What is expected: Output the whole listing exactly, with no pictures.

Top of Information shown

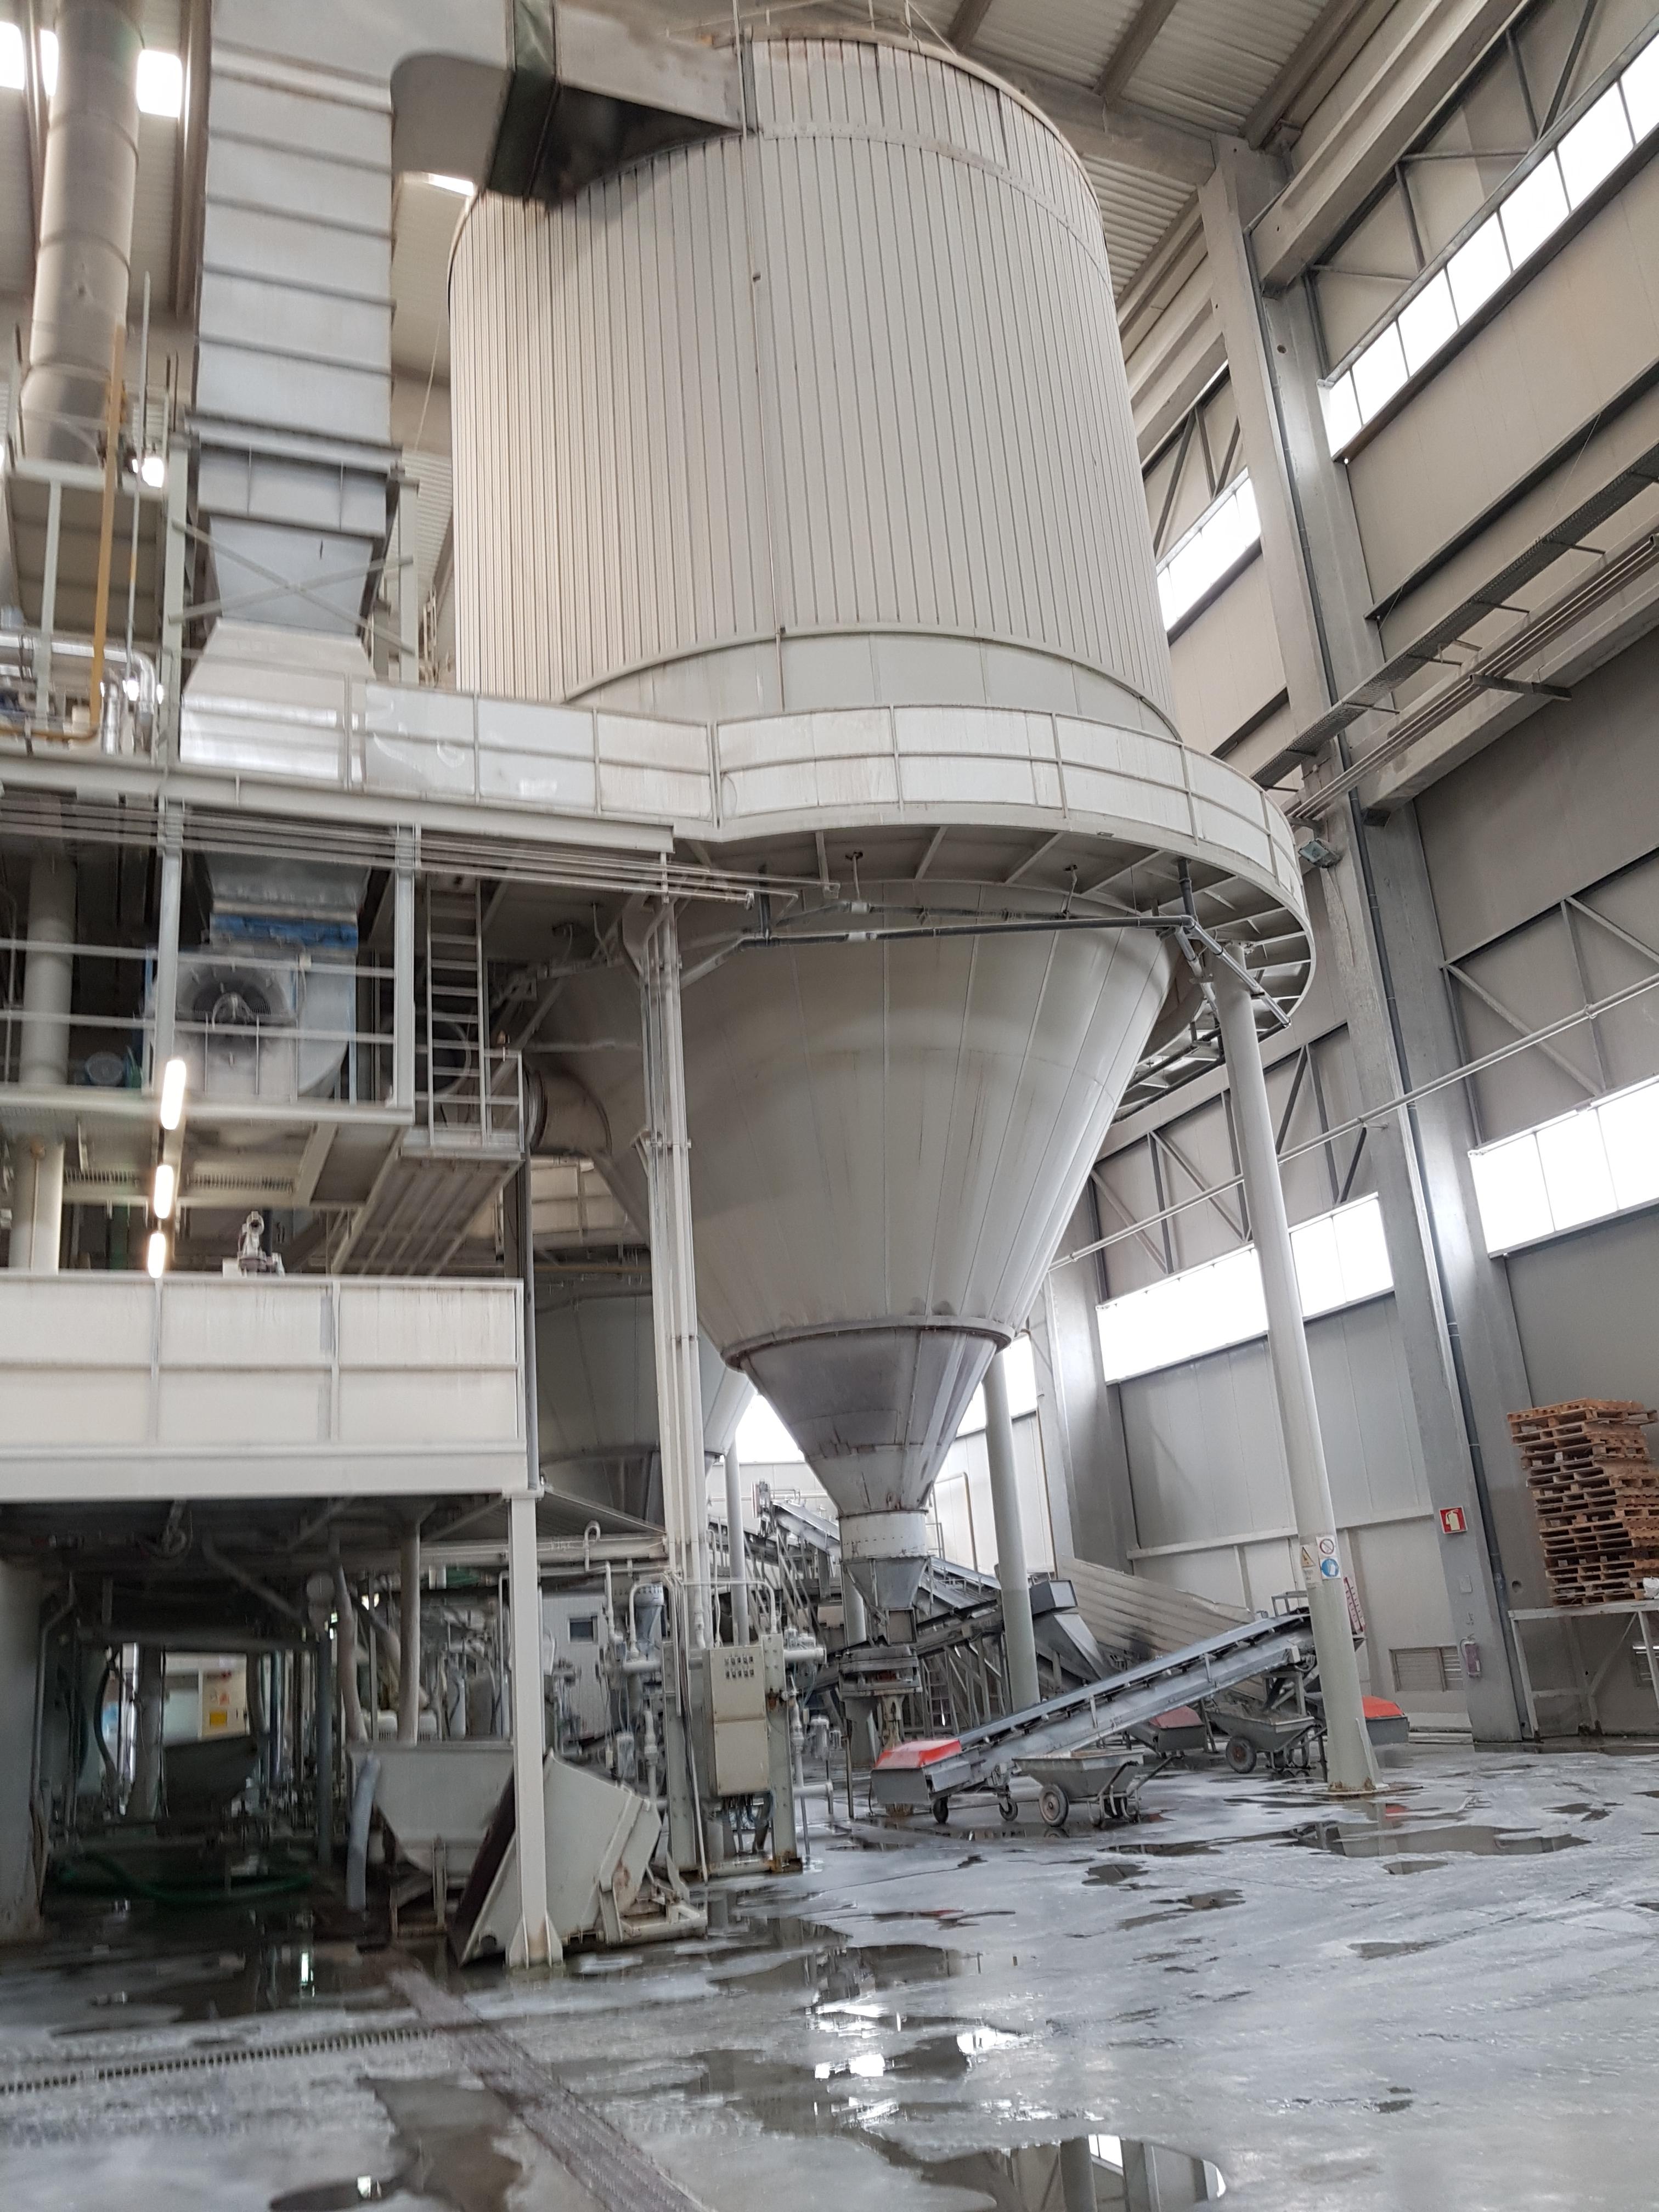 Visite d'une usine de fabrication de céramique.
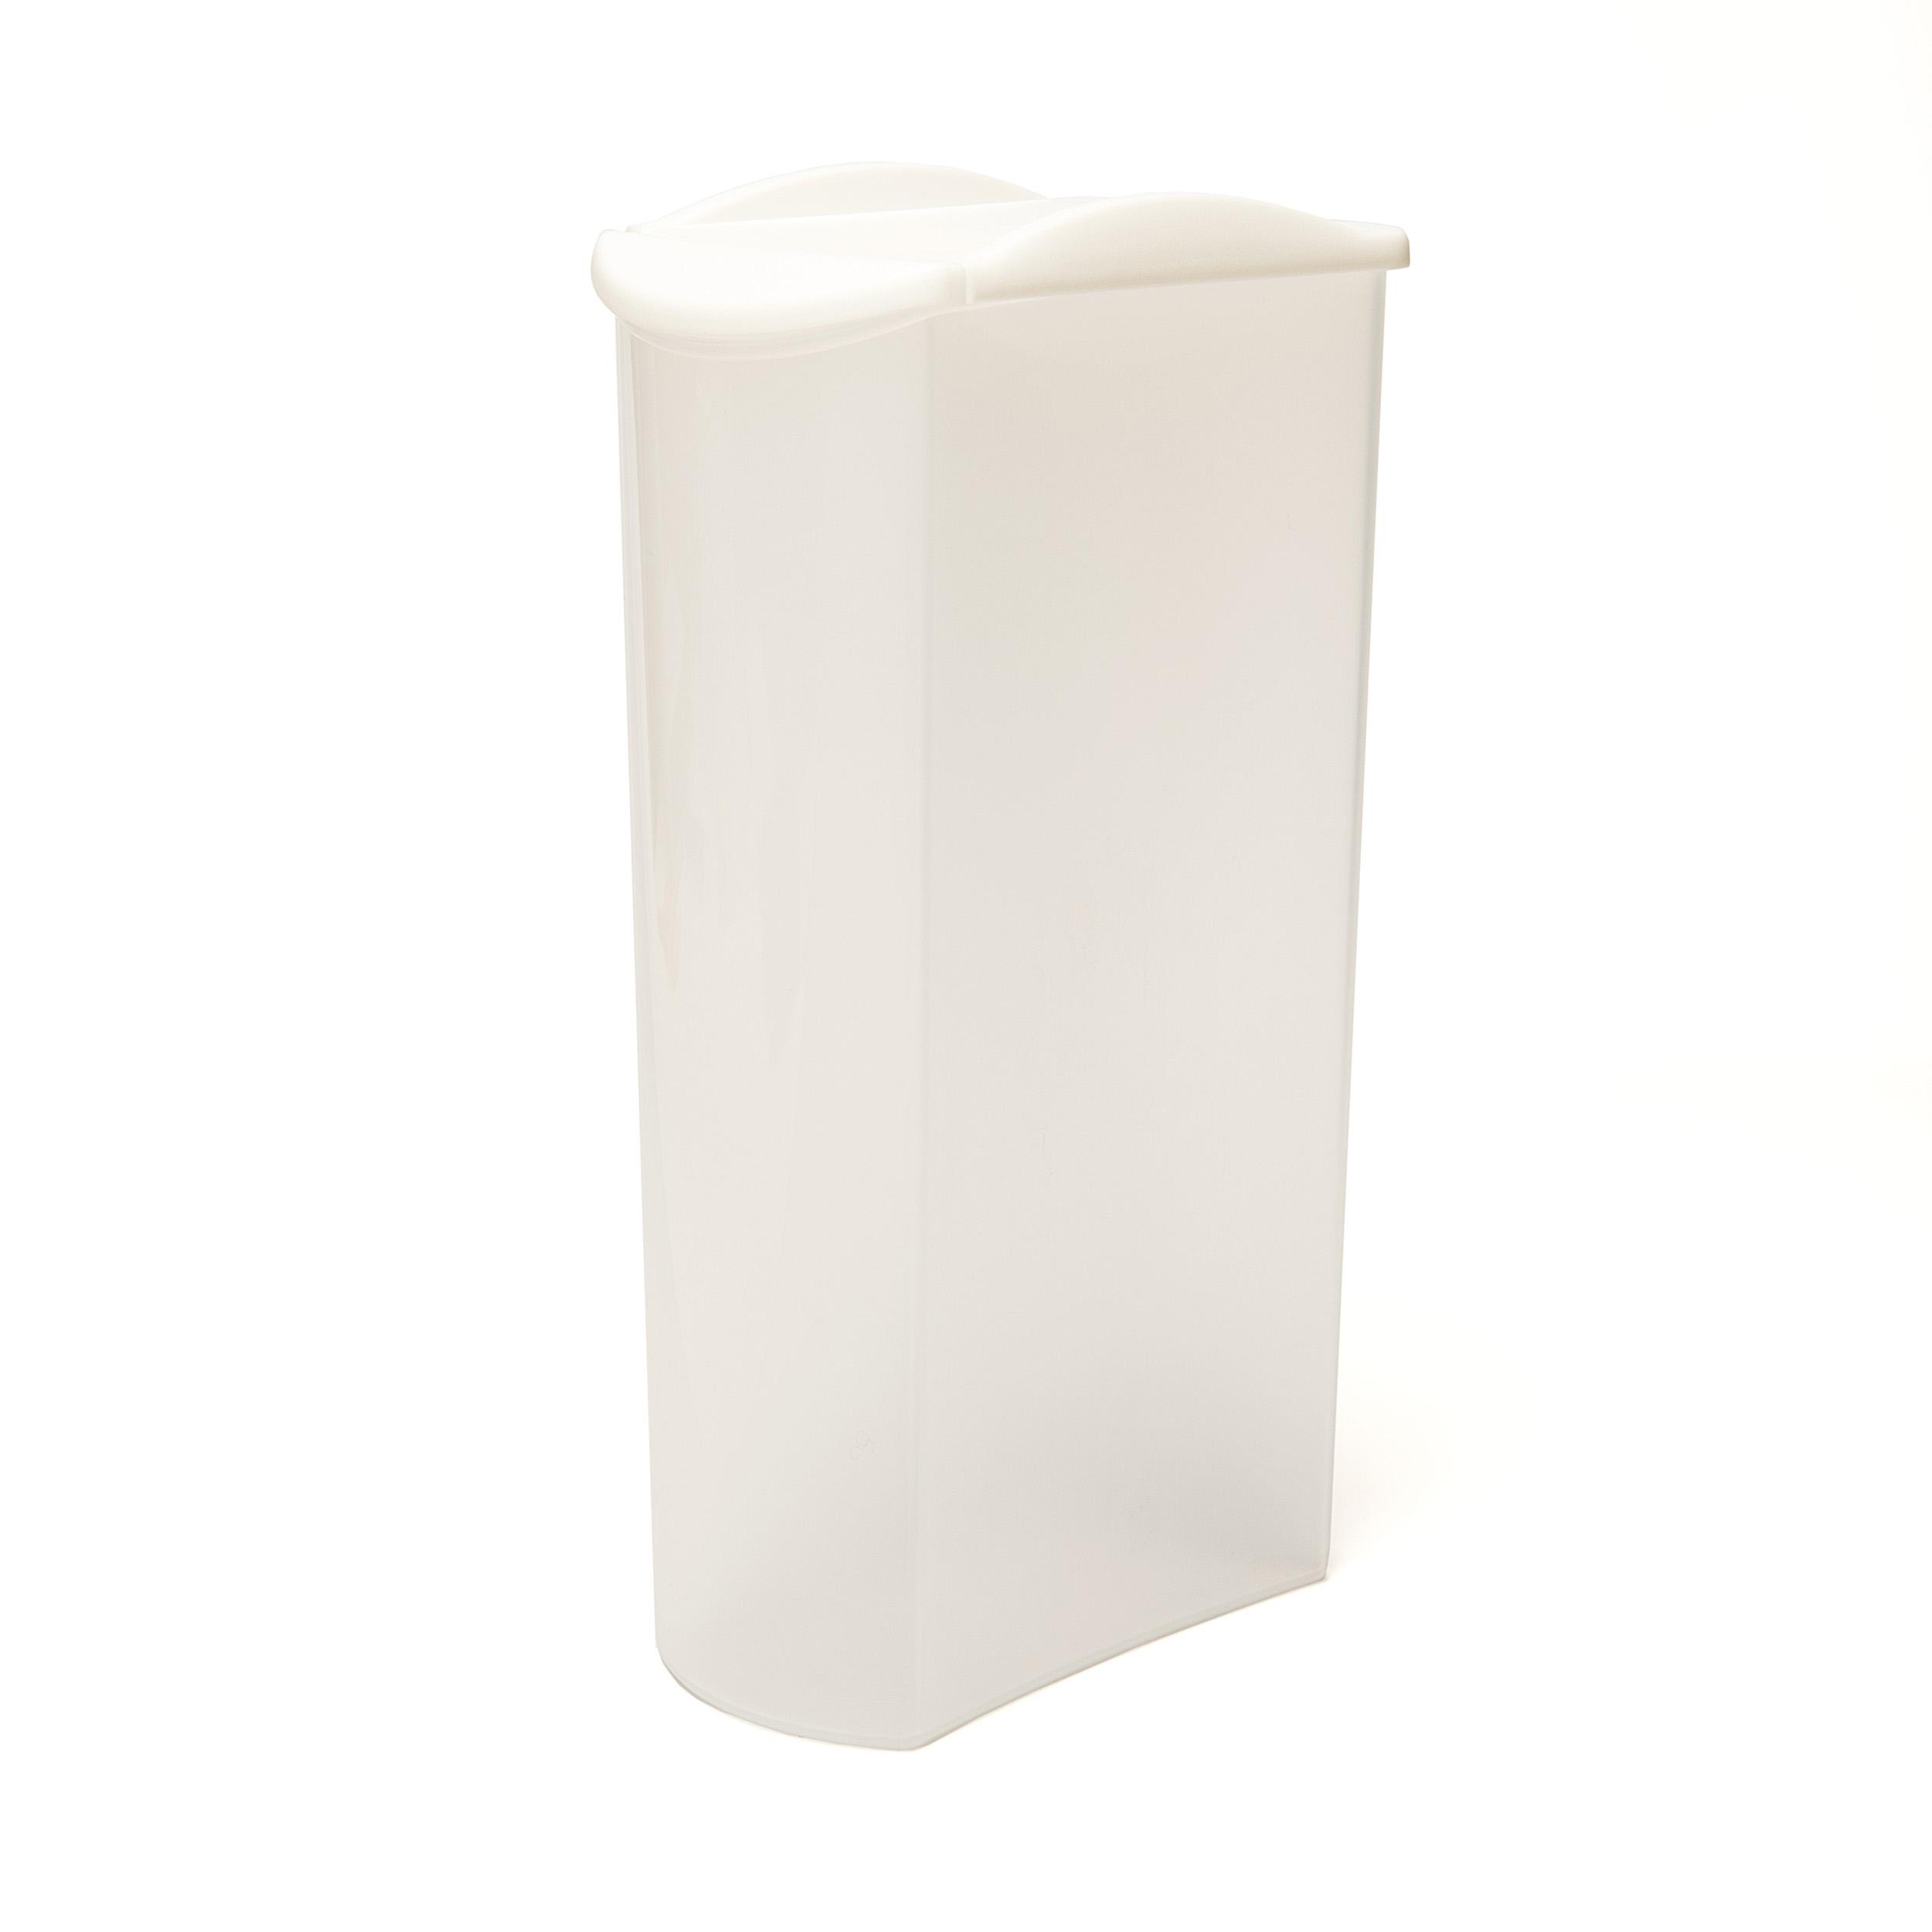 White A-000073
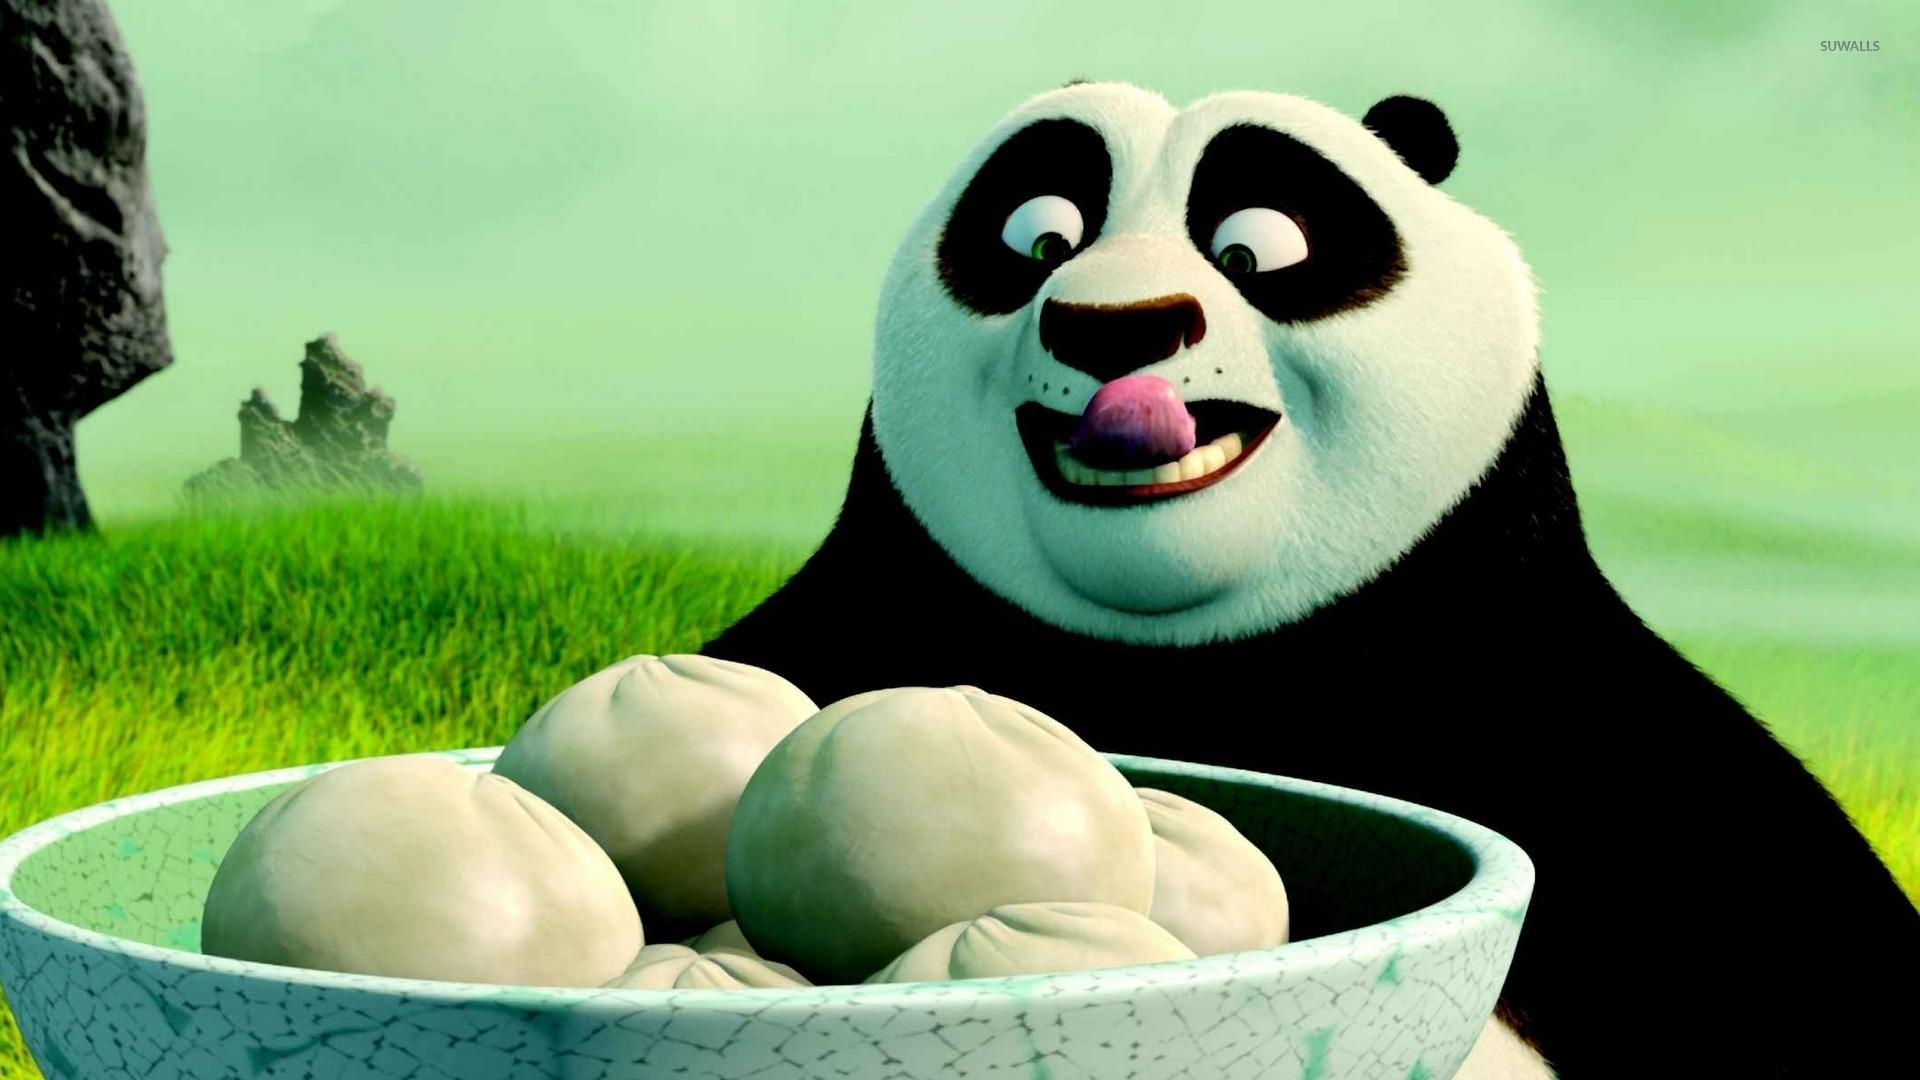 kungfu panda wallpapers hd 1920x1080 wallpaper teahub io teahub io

Bottom of Information shown

Exercise answer:
 Visite d'une usine de fabrication de céramique.
 White A-000073
 kungfu panda wallpapers hd 1920x1080 wallpaper teahub io teahub io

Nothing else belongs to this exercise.